ALL Fees & Charges Percentage
SCM Discretionary Fund Management Charge 0.40%
Underlying ETF costs (KIID Ongoing Charge) 0.13%
Transaction Costs of buying/selling funds 0.12%
Transaction Costs within funds 0.03%
Custody & Administration Fee 0.12%
Total Fees & Charges 0.80%

Asset Allocation Changes and Market Commentary

No changes were made to the Portfolio in July.

Markets remained buoyant in July, with equities advancing again on the back of solid US economic data, resilient corporate earnings, and growing expectations that central banks, particularly the Federal Reserve, could begin easing policy. However, SCM remains sceptical that US rate cuts are as inevitable as markets seem to believe. This view is supported by fresh signs of inflationary pressure, particularly in tariff-sensitive sectors, and continued strength in activity data.

US equities posted further gains, led again by large-cap technology stocks. The Nasdaq registered 14 record highs during the month, with a narrow group of tech giants driving performance.  Meanwhile, the US dollar rallied 3.2%, ending a six-month losing streak.  The chart below shows asset performance across major global markets in July:

Key Themes

Tariffs Bite, and Inflation Lingers

President Trump’s evolving trade policy continued to dominated headlines.  Several nations including Brazil, India, and Canada were hit with higher tariff rates, while others secured short-term extensions or agreed to revised deals. These moves coincided with the sharpest rise in goods prices since 2021, suggesting that tariff-related inflation may be starting to filter through to consumers. Despite political pressure, the Federal Reserve opted for a “hawkish hold” in July, and Chair Powell is expected to reinforce this stance.

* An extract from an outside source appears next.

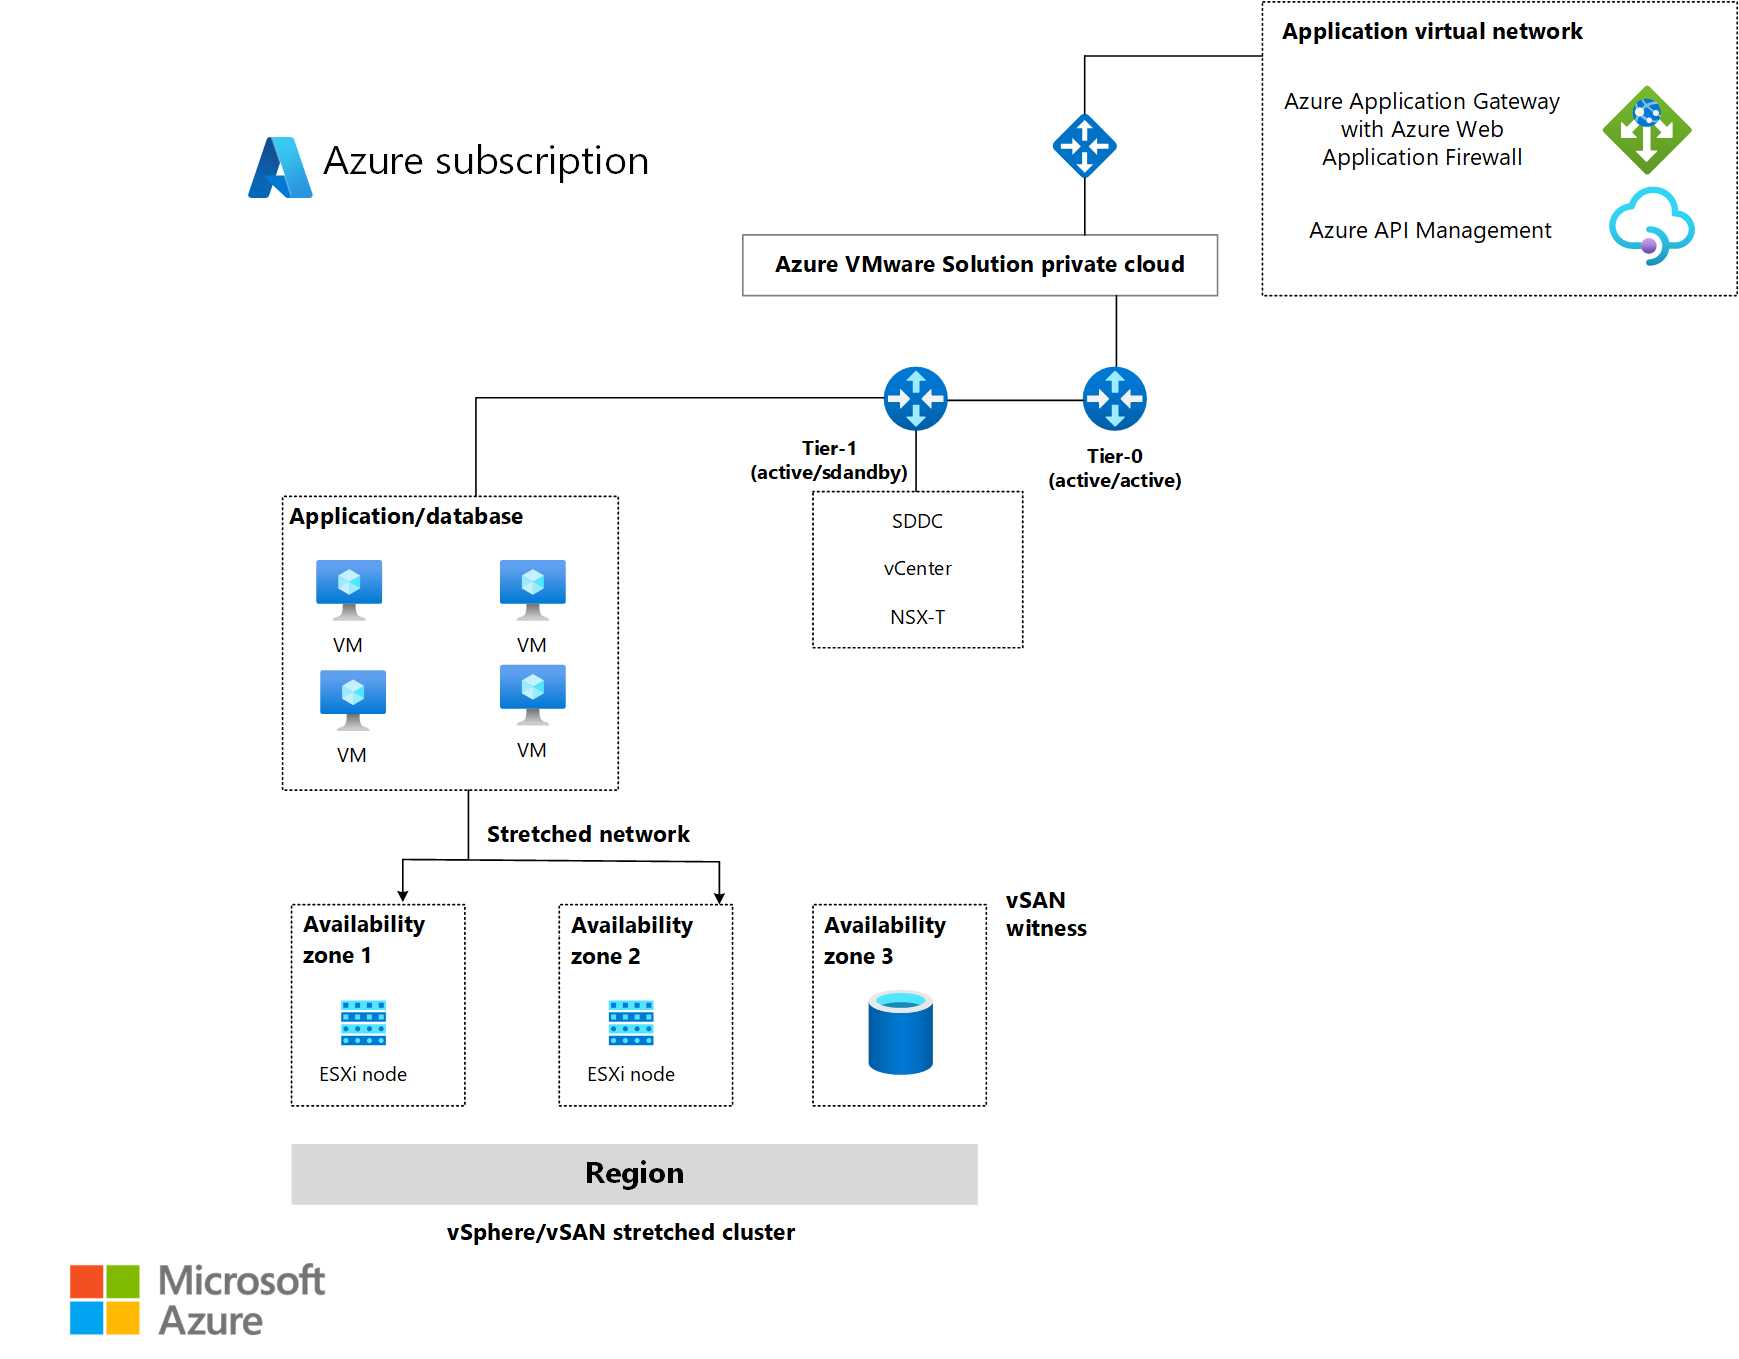 Diagramma dell'architettura che illustra come soluzione Azure VMware usa livelli e reti estese.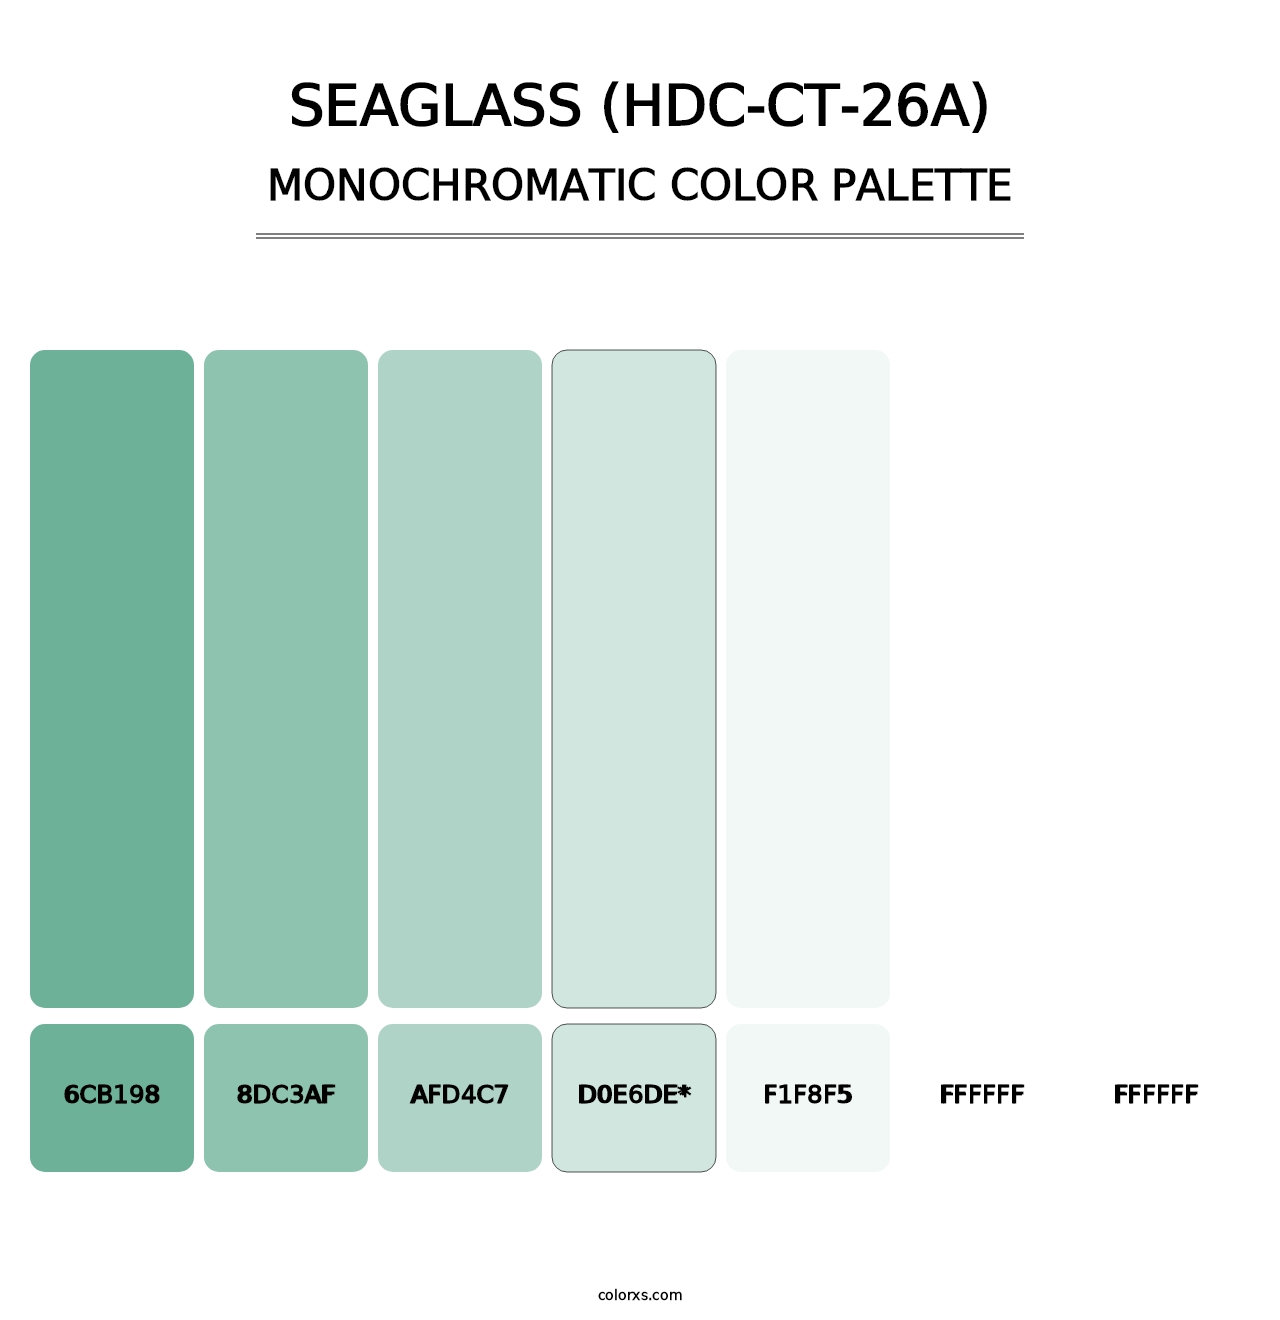 Seaglass (HDC-CT-26A) - Monochromatic Color Palette

SCM View: Market Optimism May Be Premature

Bond markets have priced in roughly 30 – 40 basis points of rate cuts by year-end, but we believe this confidence may be premature. The Fed faces limited justification for easing aggressively, particularly with inflation sticky and long-term fiscal concerns rising.

Market pricing in equities, particularly in the tech sector, increasingly reflects a one-sided view, leaving little room for error. Institutional investors have started to hedge against downside risk, with a noticeable uptick in demand for “disaster” puts on the Nasdaq 100. These highlights rising awareness of how stretched valuations have become in some parts of the market.

SCM Portfolios: Disciplined, Diversified, Cautious

Across SCM Portfolios, we remain focused on disciplined allocation. Equity exposure is diversified by geography and sector, with caution applied to areas showing excessive momentum or crowding. Our US equity position, which is currently unhedged, benefits from the recent dollar rebound.   Fixed income allocations are concentrated in high-grade corporate bonds and UK and US Government bonds (our Ethical Portfolios do not hold government bonds).  There is no exposure to high yield or EM sovereigns.

We believe the coming months will be shaped by three main forces: inflation persistence, central bank credibility, and earnings quality. As ever, SCM remains valuation-led and risk-aware.